Мы заказали еще по рюмке коньяку. Потом я попрощалась и пошла к себе за пальто. Карла как раз говорила по телефону с кем-то из пациентов и делала мне отчаянные знаки, чтобы я подождала. Но я жестом показала, что тороплюсь, и закрыла дверь.
В обеденное время машин на улицах мало. Ехать можно быстро. Заглянув по пути в цветочный магазин, я купила девять белых гвоздик. Чем ближе к кладбищу, тем тягостнее было на душе. Мне пришло в голову, что за целый день я ни разу не вспомнила о Генри. Я и теперь буквально заставляла себя думать о нем, но ничего не получалось. Еще не поздно было вернуться, съездить домой за фотоаппаратом, поснимать где-нибудь. Остаток дня был свободен, а «провожать в последний путь» Генри и сам не любил. Навещать больных или ходить на похороны казалось ему едва ли не вмешательством в чужие дела. Да и пустой тратой времени. Культ покойников — пережиток. Заигрывание с вечностью, в которой мы все еще не разуверились. Злорадный триумф: кто кого несет в могилу? Ведь существуют похоронные бюро, которые справляются со своими обязанностями вполне профессионально. Это ли не оптимальное решение проблемы? Разве личное присутствие так уж необходимо? И зачем? Чтобы продемонстрировать близость к покойному? Откуда это желание быть свидетелем при закапывании в землю или сожжении? Почему это считается долгом? Ведь мертвый уже не тот человек, который был любим. Я надеялась, что похороны будут в Дрездене. Дрезден далеко, и я бы с легким сердцем туда не поехала.
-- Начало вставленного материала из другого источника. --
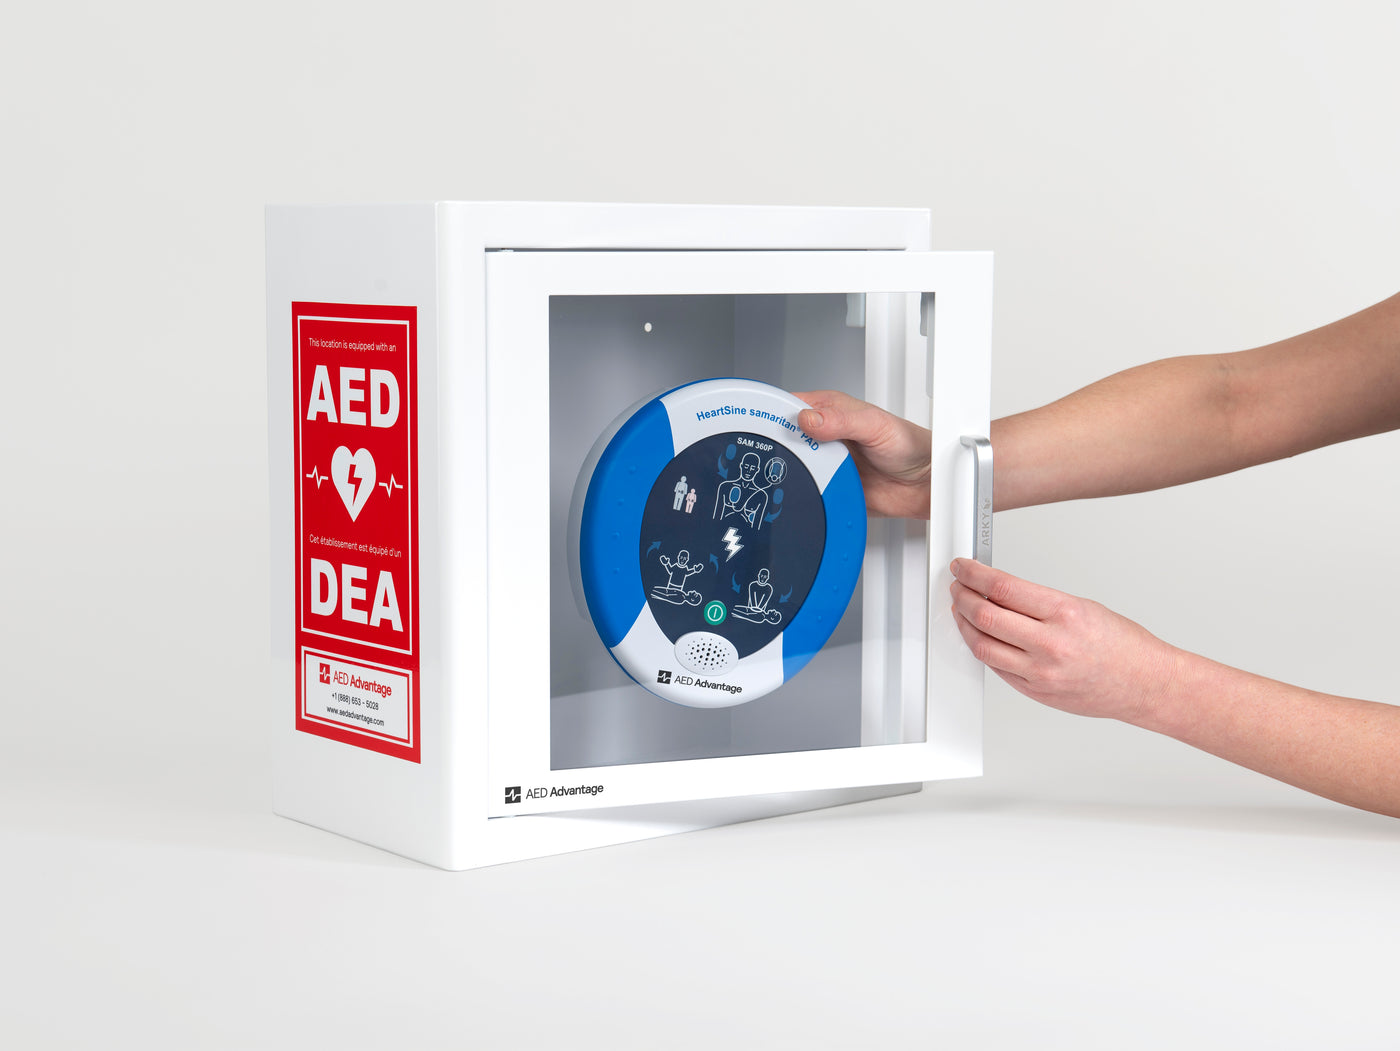 A blue and white HeartSine 360P AED being retrieved by hand from a white metal cabinet with red decals

Мотор застучал. Переключив двигатель на холостой ход, я дважды нажала на газ. Не забыть бы потом заправиться.
Машину я оставила на соседней улице, хотя на стоянке перед кладбищем мест было достаточно. Некоторое время я сидела в нерешительности, ни о чем не думая, затем взяла цветы и накинула пальто на плечи.
Перед часовней у входа на кладбище стояли две группы людей. Вероятно, похоронное бюро выбилось из графика, и образовалась очередь. Мне пришло в голову, что я не знаю никого из близких Генри. К какой группе подойти? При моей неприязни к похоронам было бы совсем нелепо участвовать в панихиде по совершенно чужому человеку. Но кого спросить? И как? Простите, вы кого хороните?